UW News

March 23, 2011

Symposium on workplace disasters marks 100th anniversary of Triangle Shirtwaist Fire

UW Health Sciences/UW Medicine

March 25, 1911: Firefighters in New York City try to control the Triangle Shirtwaist Factory Fire. They couldn't reach workers trapped in the upper stories.

Brown Brothers, Kheel Center, Cornell Univeristy

A UW symposium commemorating the Triangle Shirtwaist Factory Fire will be held from 4 to 6 p.m., Thursday, March 31 at the UW South Campus Center.

Participants in “Responding to Disasters in the Workplace: Lessons from the Past, of the Present, and for the Future” will discuss the current relevance of lessons from the March 25, 1911,Triangle Shirtwaist Factory Fire, and the future of safety at work.

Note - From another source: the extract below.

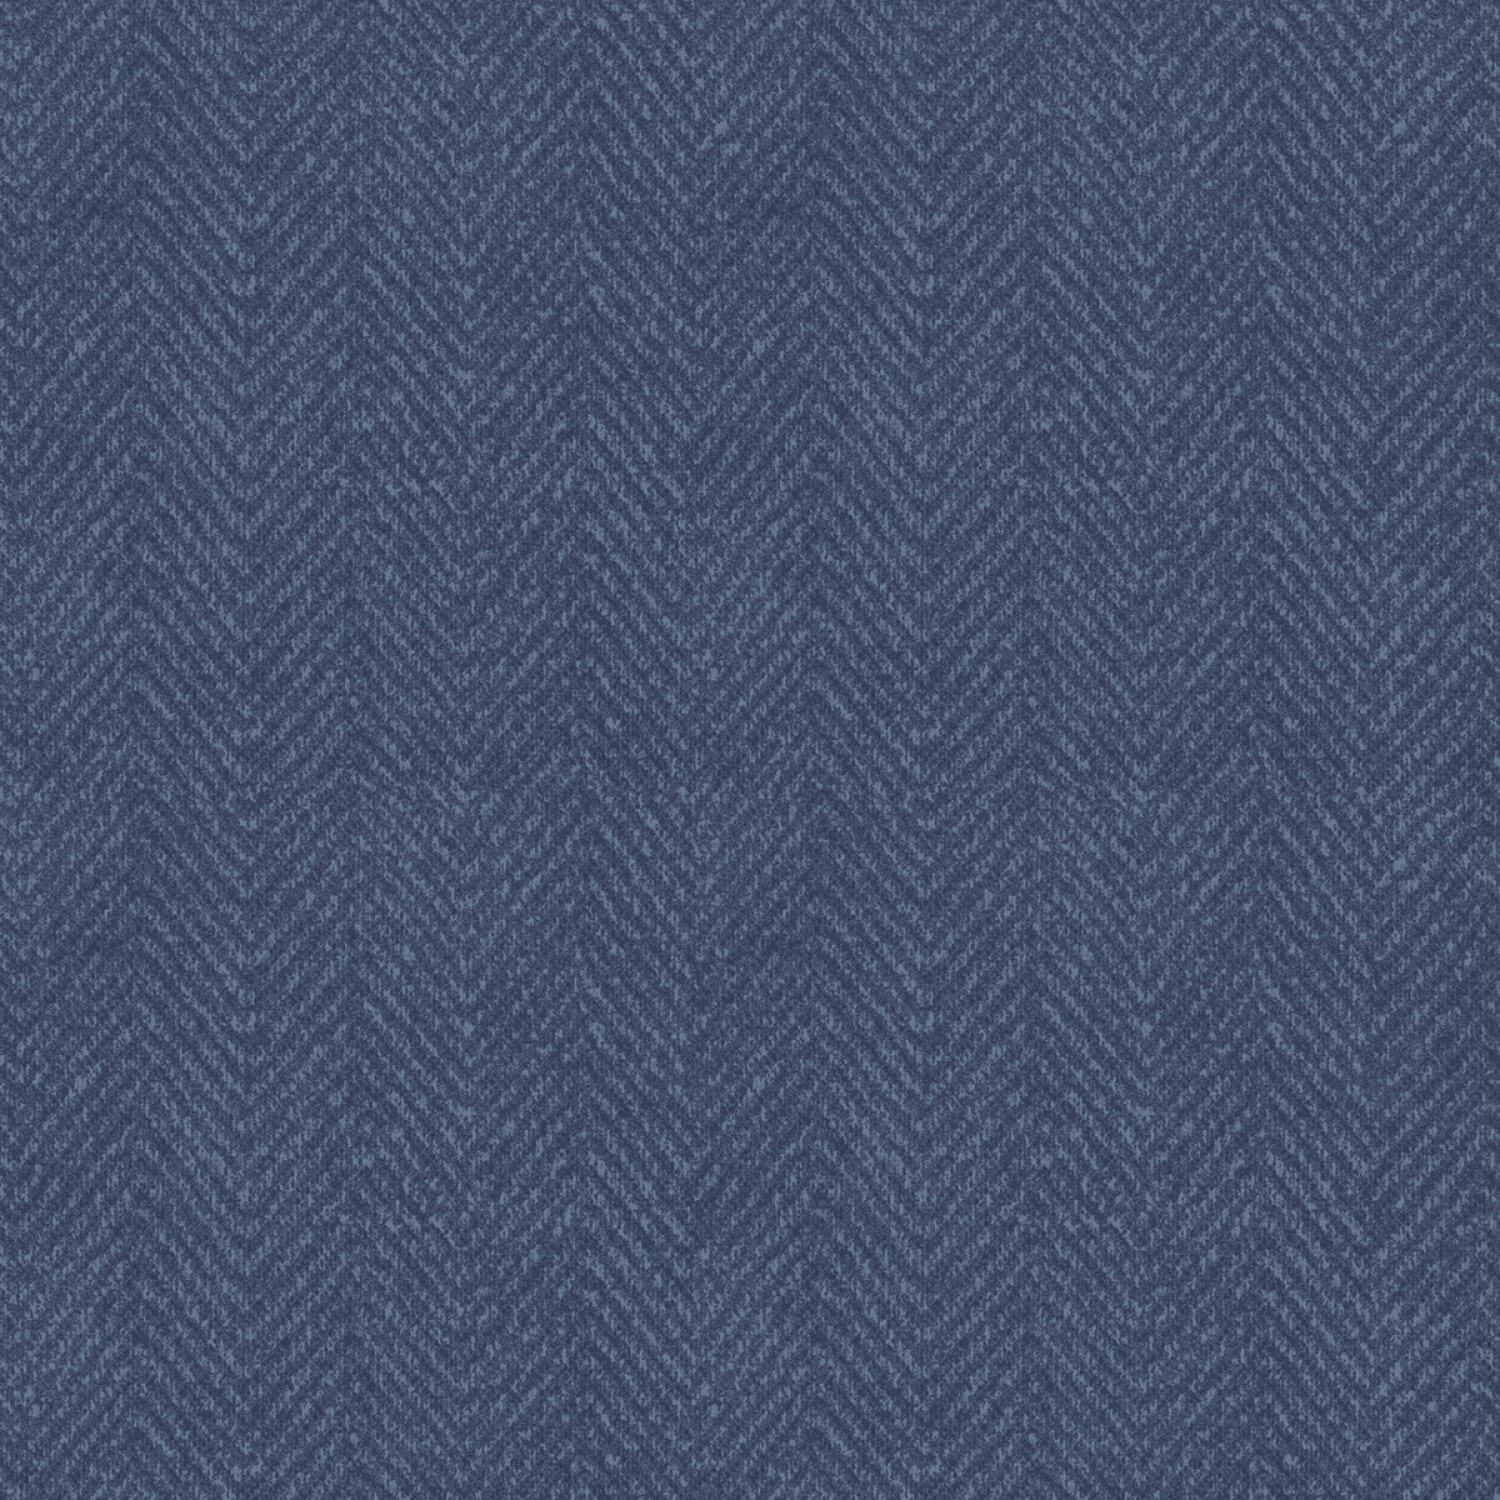 Woolies Flannel - Blue Herringbone - 1/2m cut 58472

Employers resisted the regulations enacted after the Triangle Shirtwaist Factory fire, “despite the clear need for such standards and the public outcry for government intervention into the workplace,” said Noah Seixas, symposium organizer and UW professor of environmental and occupational health sciences.

“The astounding irony is that we are again debating the need for government oversight of safety conditions in industry,” said Seixas. “Despite progress in achieving safety and health standards in industry, workers remain at significant risk.”

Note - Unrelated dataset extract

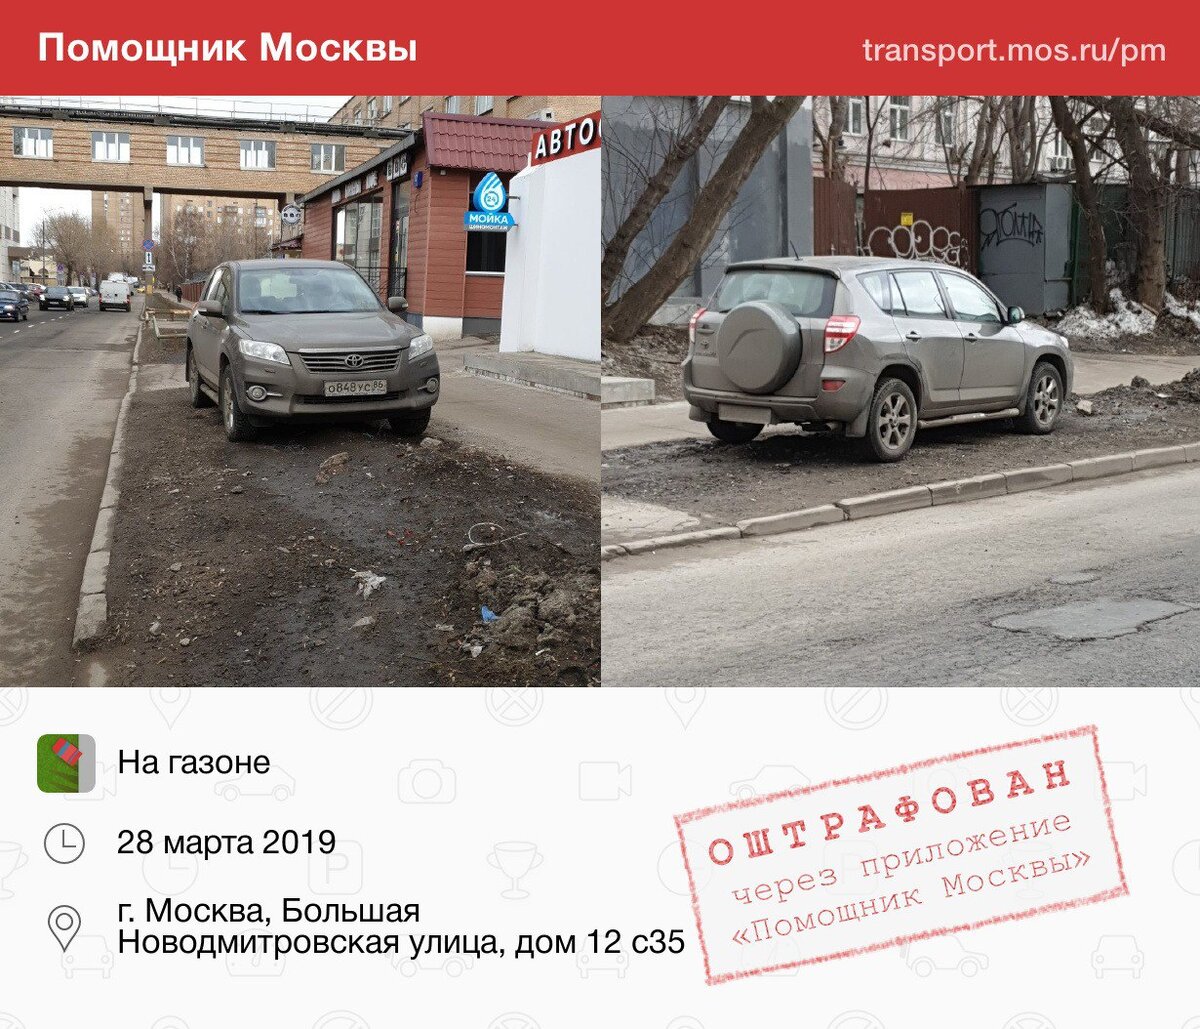 Куда отправить фото неправильной парковки в москве
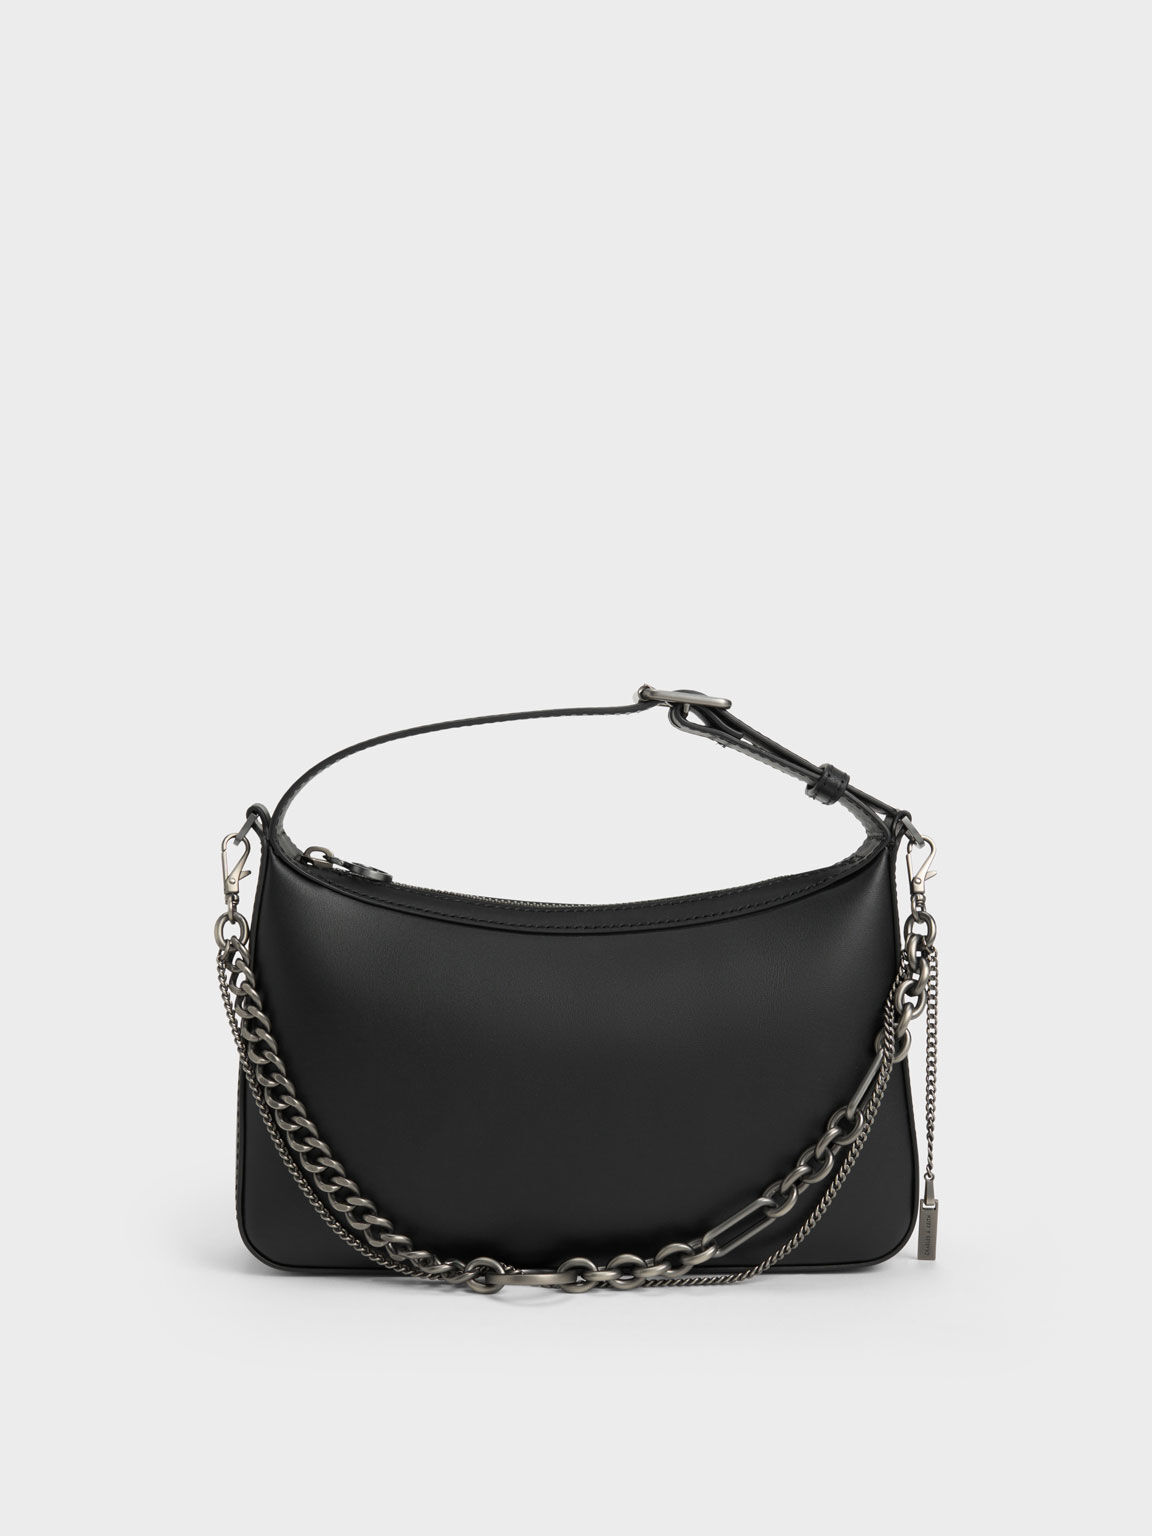 Jules Leather Chain-Embellished Bag, Black, hi-res

In 2009, a total of 4,340 U. S. workers lost their lives on the job.  Deaths in 2010, included those of seven workers caught in a blast and fire at the Tesoro Refinery in Anacortes, Wash, on April 2, 2010. A few days later, 29 coal miners were killed at the upper Big Branch Mine fire in West Virginia on April 5, 2010. And only 15 days after that, on April 20 an explosion and fire on the Deepwater Horizon oil rig in the Gulf of Mexico killed 11 workers, and led to one of the largest oil spills recorded in U,S, waters.

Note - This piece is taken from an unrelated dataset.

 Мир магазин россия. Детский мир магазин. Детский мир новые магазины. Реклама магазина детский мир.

“In the face of the on-going loss of life in American industry, OSHA, the federal agency charged with developing safety and health regulations and enforcing them, has been targeted for a 20% cut in its 2011 budget,” said Seixas. Similar cuts have been proposed for the National Institute of Occupational Safety and Health (NIOSH), the federal institute which conducts research to solve work-related health and safety problems. For example, 2012 funding for NIOSH education and research centers, including the UW Northwest Center for Occupational Health and Safety, has been proposed for elimination. The center trains professionals to evaluate and control workplace hazards.

Symposium presentations will include:

The Past: The Revolution in Workplace Safety and Health: The Triangle Fire and its Aftermath

Speaker: Gerald Markowitz, professor of history, John Jay College of the City University, New York, and co-author of Deceit and Denial: The Deadly Politics of Industrial Pollution.

The Present: Confronting the Anti-Regulatory Agenda: Current National Advocacy Campaigns to Advance Worker Health and Safety Protections

Speaker: Tom OConnor, director of the National Coalition for Occupational Safety and Health (NACOSH), and principal coordinator of the Protecting Workers Alliance.

The Future: Discussion led by a panel of UW graduate students

The symposium will be held in UW South Campus Center Room 316. More information is available at the Northwest Center for Occupational Health and Safety website or by contacting Sean Schmidt at 206-543-2837.

Symposium sponsors include the Northwest Center for Occupational Health and Safety ; the UW Harry Bridges Labor Studies Program; and the UW Bothell, Masters of Arts in Policy Studies.